WARNING: multiple messages have this Message-ID (diff)
From: Michal Hocko <mhocko@kernel.org>
To: linux-mm@kvack.org
Cc: Vlastimil Babka <vbabka@suse.cz>,
	Johannes Weiner <hannes@cmpxchg.org>,
	Mel Gorman <mgorman@suse.de>,
	Andrew Morton <akpm@linux-foundation.org>,
	LKML <linux-kernel@vger.kernel.org>,
	Michal Hocko <mhocko@suse.com>
Subject: [RFC PATCH 2/4] mm, tree wide: replace __GFP_REPEAT by __GFP_RETRY_MAYFAIL with more useful semantic
Date: Tue,  7 Mar 2017 16:48:41 +0100	[thread overview]
Message-ID: <20170307154843.32516-3-mhocko@kernel.org> (raw)
In-Reply-To: <20170307154843.32516-1-mhocko@kernel.org>

From: Michal Hocko <mhocko@suse.com>

__GFP_REPEAT was designed to allow retry-but-eventually-fail semantic to
the page allocator. This has been true but only for allocations requests
larger than PAGE_ALLOC_COSTLY_ORDER. It has been always ignored for
smaller sizes. This is a bit unfortunate because there is no way to
express the same semantic for those requests and they are considered too
important to fail so they might end up looping in the page allocator for
ever, similarly to GFP_NOFAIL requests.

Now that the whole tree has been cleaned up and accidental or misled
usage of __GFP_REPEAT flag has been removed for !costly requests we can
give the original flag a better name and more importantly a more useful
semantic. Let's rename it to __GFP_RETRY_MAYFAIL which tells the user that
the allocator would try really hard but there is no promise of a
success. This will work independent of the order and overrides the
default allocator behavior. Page allocator users have several levels of
guarantee vs. cost options (take GFP_KERNEL as an example)
- GFP_KERNEL & ~__GFP_RECLAIM - optimistic allocation without _any_
  attempt to free memory at all. The most light weight mode which even
  doesn't kick the background reclaim. Should be used carefully because
  it might deplete the memory and the next user might hit the more
  aggressive reclaim
- GFP_KERNEL & ~__GFP_DIRECT_RECLAIM (or GFP_NOWAIT)- optimistic
  allocation without any attempt to free memory from the current context
  but can wake kswapd to reclaim memory if the zone is below the low
  watermark.

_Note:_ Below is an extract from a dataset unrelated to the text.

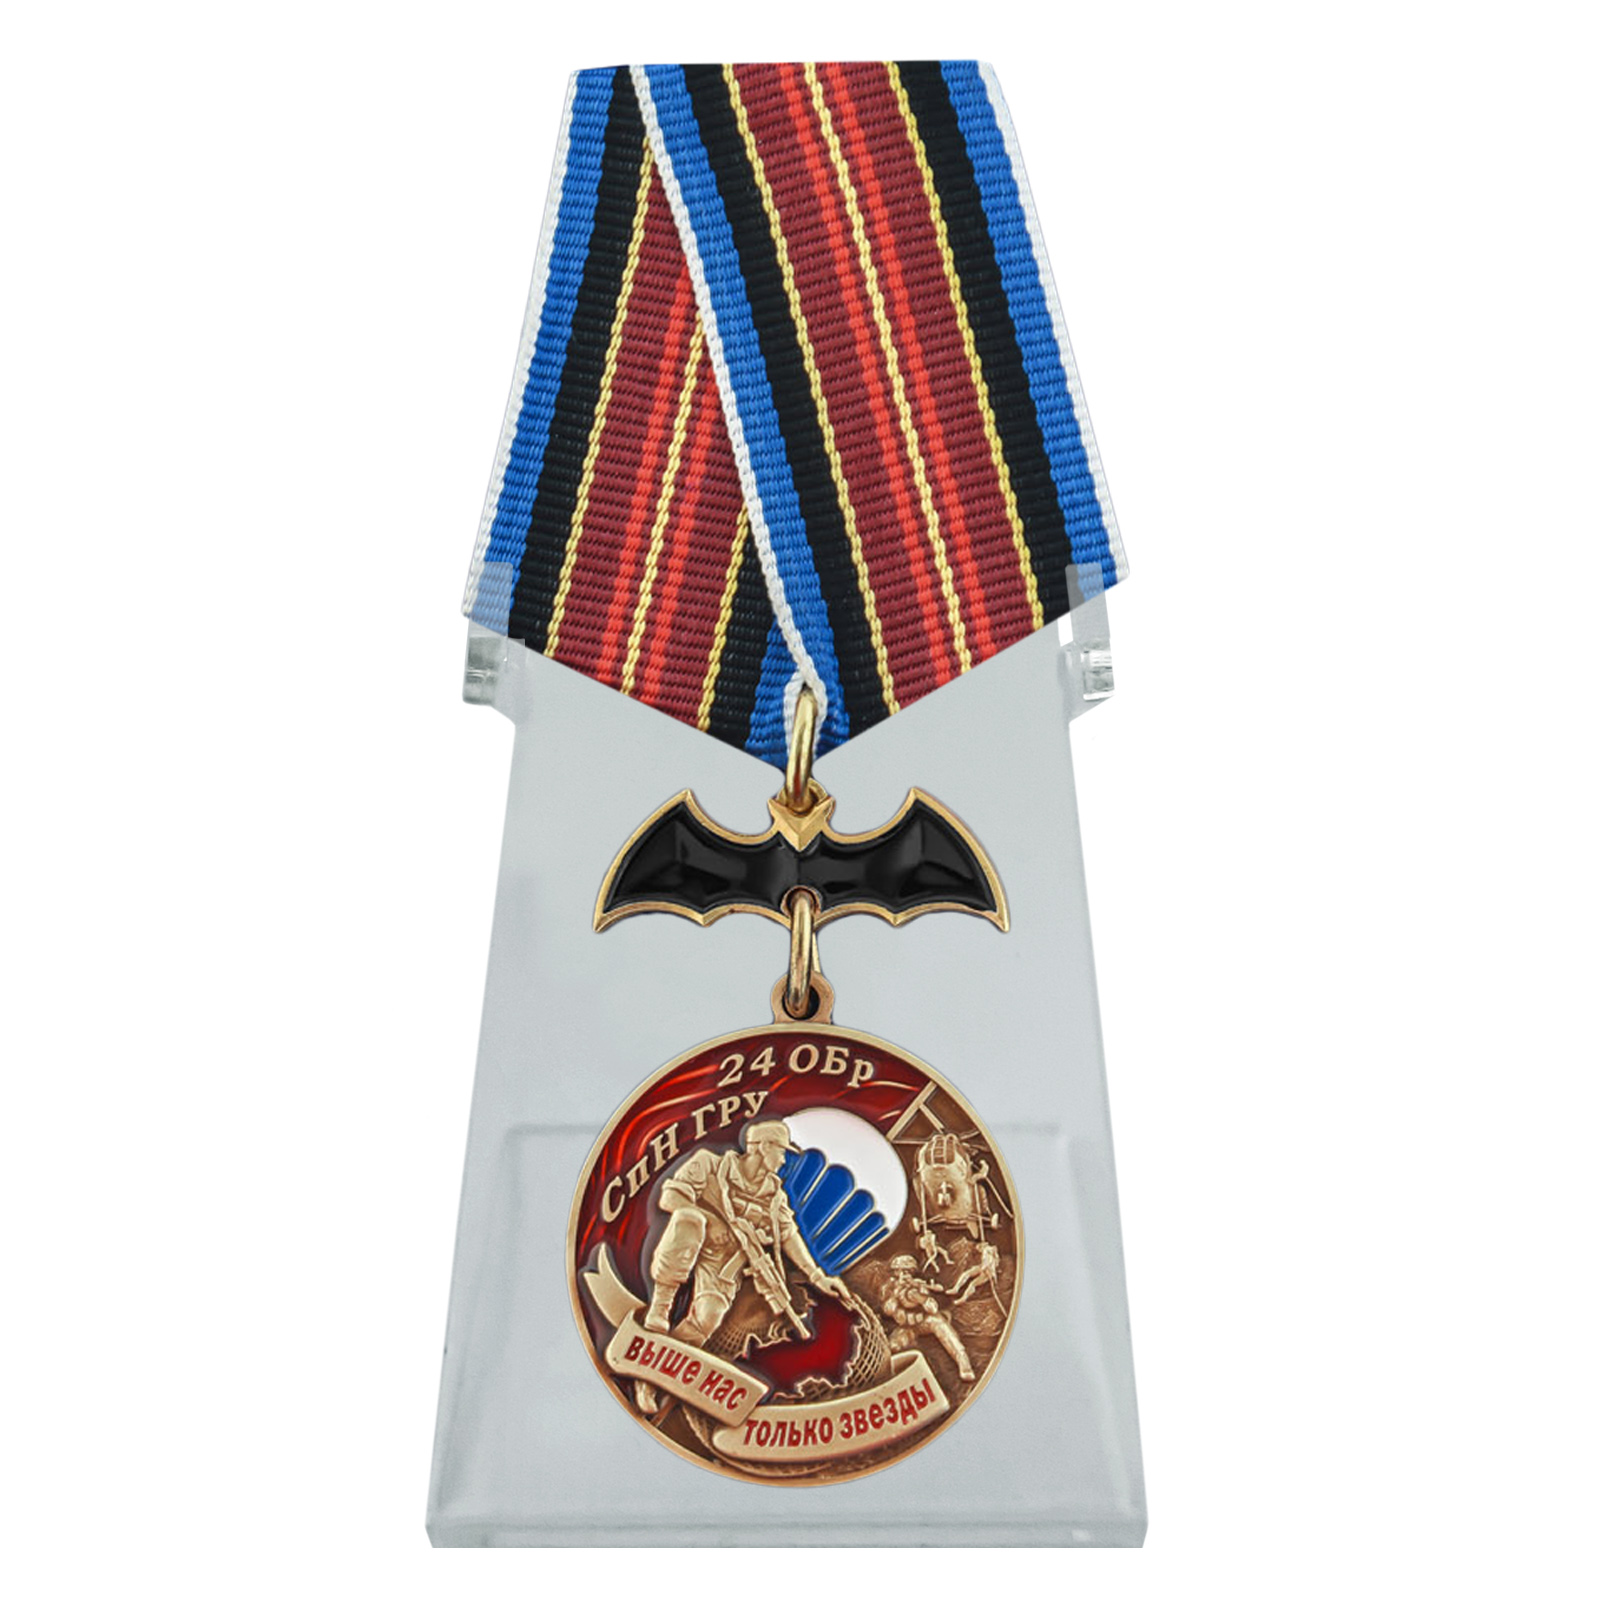 Купить медаль 24 ОБрСпН ГРУ на подставке по лучшей цене

Can be used from either atomic contexts or when the request
  is a performance optimization and there is another fallback for a slow
  path.
- (GFP_KERNEL|__GFP_HIGH) & ~__GFP_DIRECT_RECLAIM (aka GFP_ATOMIC) - non
  sleeping allocation with an expensive fallback so it can access some
  portion of memory reserves. Usually used from interrupt/bh context with
  an expensive slow path fallback.
- GFP_KERNEL - both background and direct reclaim are allowed and the
  _default_ page allocator behavior is used. That means that !costly
  allocation requests are basically nofail (unless the requesting task
  is killed by the OOM killer) and costly will fail early rather than
  cause disruptive reclaim.
- GFP_KERNEL | __GFP_NORETRY - overrides the default allocator behavior and
  all allocation requests fail early rather than cause disruptive
  reclaim (one round of reclaim in this implementation). The OOM killer
  is not invoked.
- GFP_KERNEL | __GFP_RETRY_MAYFAIL - overrides the default allocator behavior
  and all allocation requests try really hard. The request will fail if the
  reclaim cannot make any progress. The OOM killer won't be triggered.
- GFP_KERNEL | __GFP_NOFAIL - overrides the default allocator behavior
  and all allocation requests will loop endlessly until they
  succeed. This might be really dangerous especially for larger orders.

Existing users of __GFP_REPEAT are changed to __GFP_RETRY_MAYFAIL because
they already had their semantic. No new users are added.
__alloc_pages_slowpath is changed to bail out for __GFP_RETRY_MAYFAIL if
there is no progress and we have already passed the OOM point. This
means that all the reclaim opportunities have been exhausted except the
most disruptive one (the OOM killer) and a user defined fallback
behavior is more sensible than keep retrying in the page allocator.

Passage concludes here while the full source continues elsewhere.